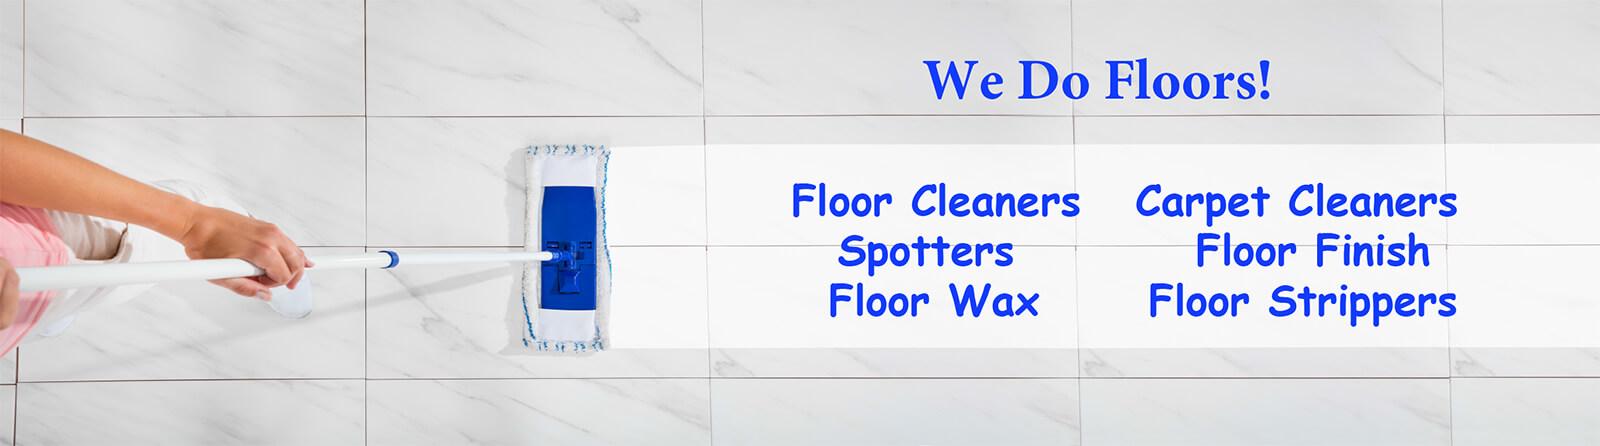 floor-carpet-cleaner-banner-opt.jpg
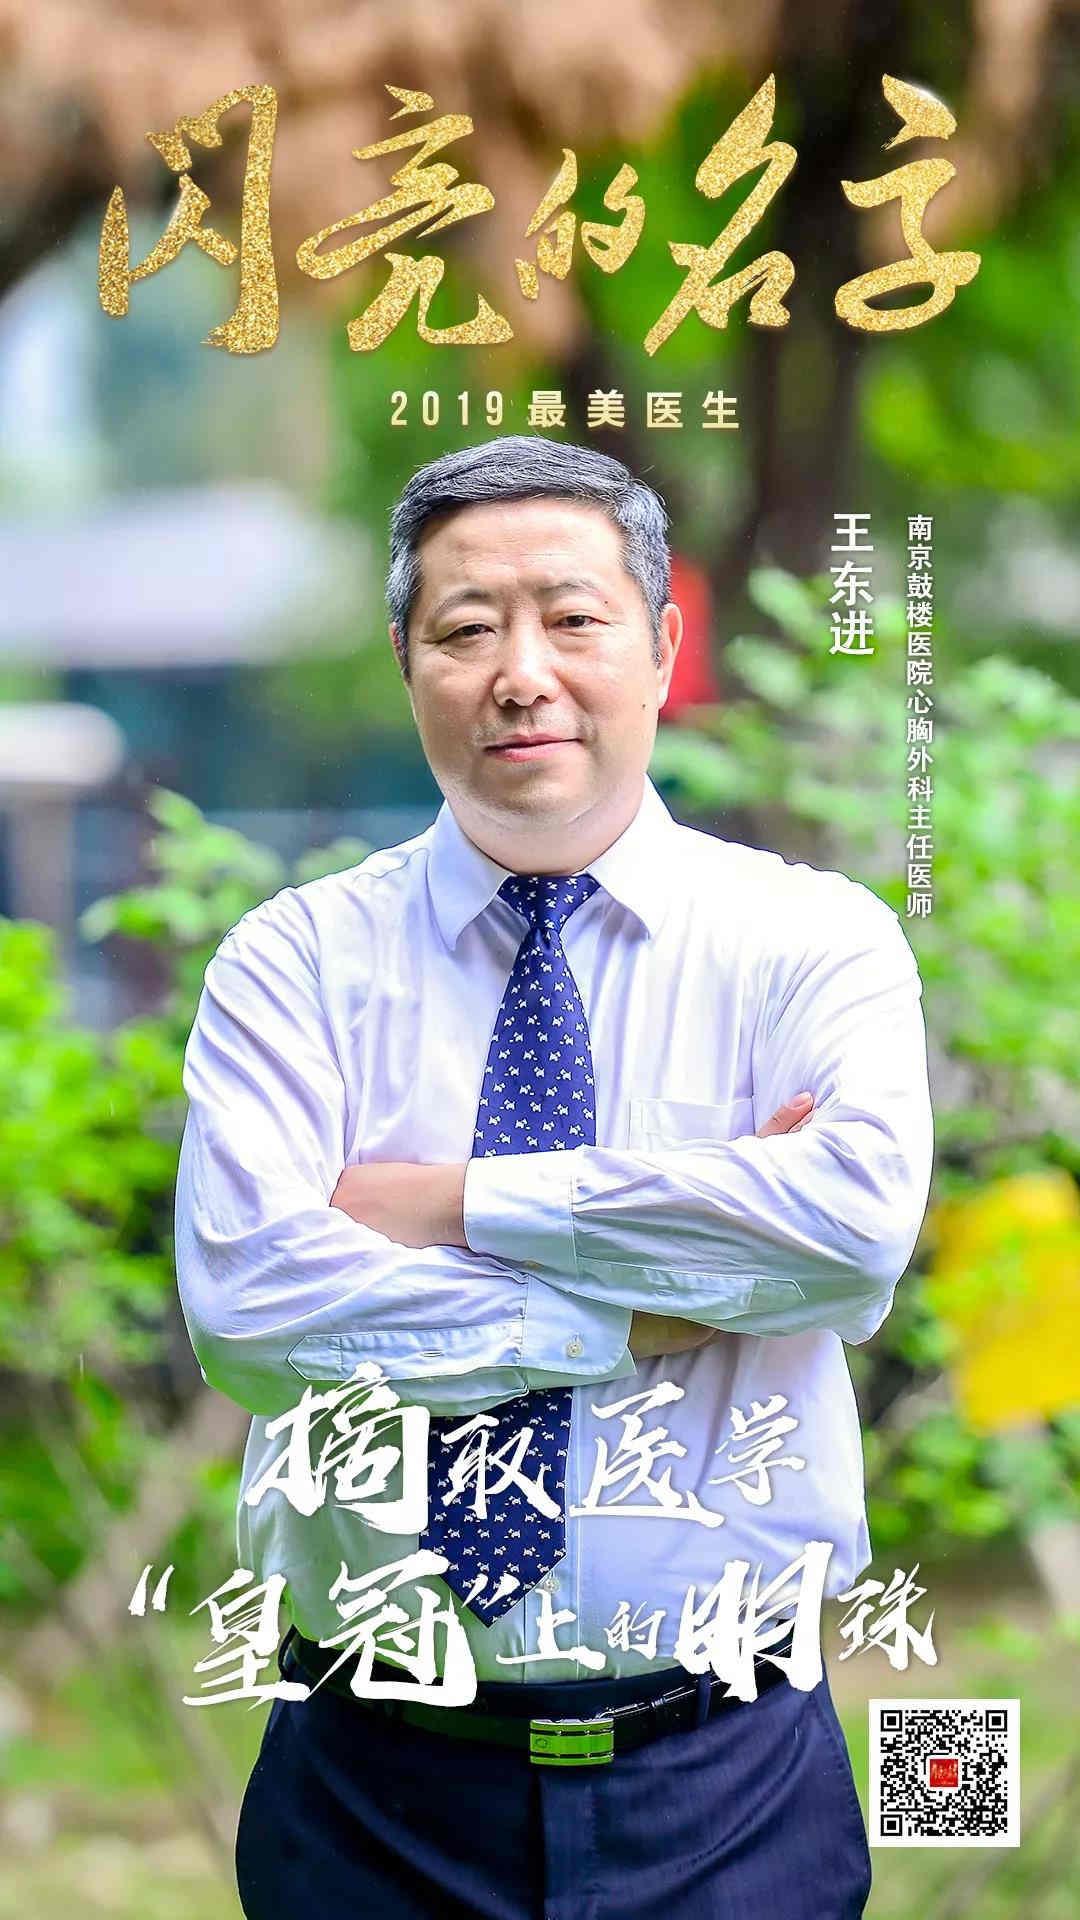 """以生命hg0088官网名义,致敬""""2019最美大夫""""!"""
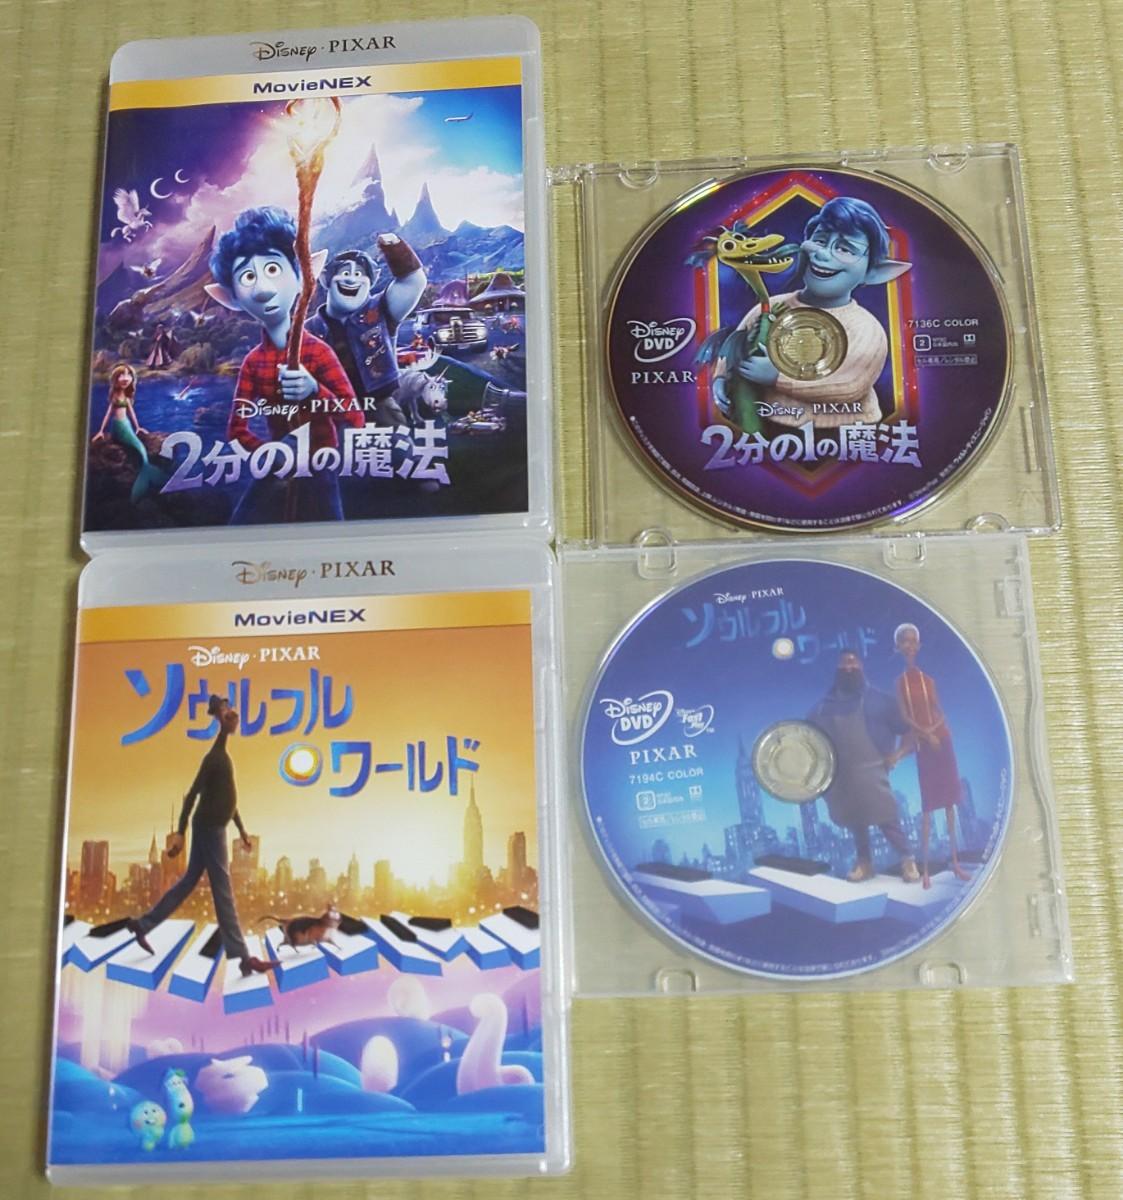 DVD ソウルフルワールド 2分の1の魔法 ディズニー MovieNEX ピクサー Pixar 2点セット
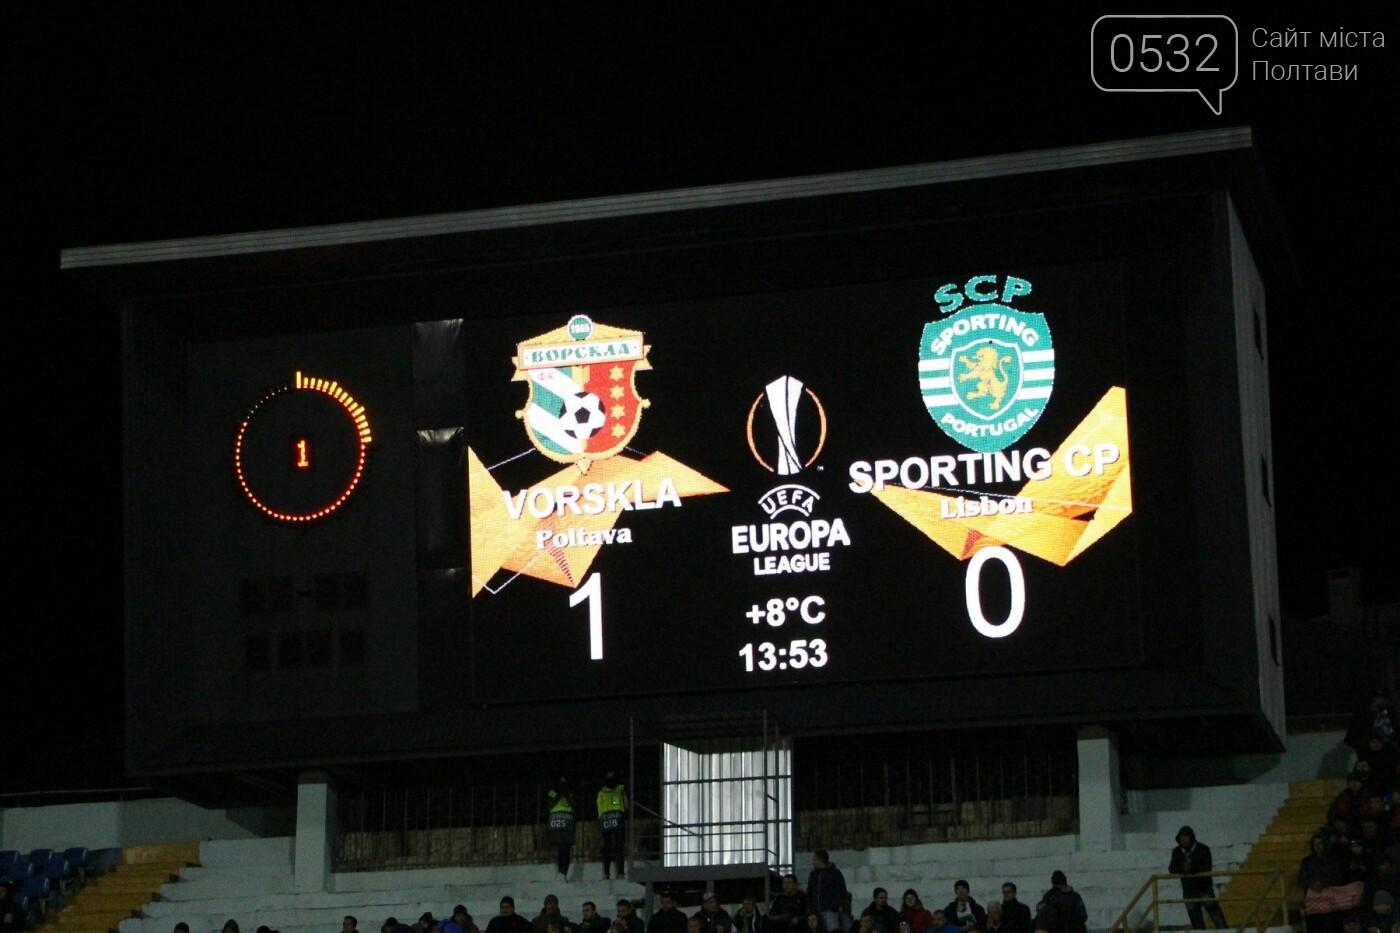 """Футбольна трагедія у Полтаві - """"Ворскла"""" за дві хвилини віддала перемогу """"Спортінгу"""" (ФОТО), фото-2"""

YOUR OBJECTIVE — Would you retype exactly the lines running from the line that contains "DVD ソウルフルワールド 2分の1の魔法" through the end of the listing above, both included? Skip every picture.

OUTPUT OF THE TASK —
 DVD ソウルフルワールド 2分の1の魔法 ディズニー MovieNEX ピクサー Pixar 2点セット
 """Футбольна трагедія у Полтаві - """"Ворскла"""" за дві хвилини віддала перемогу """"Спортінгу"""" (ФОТО), фото-2"""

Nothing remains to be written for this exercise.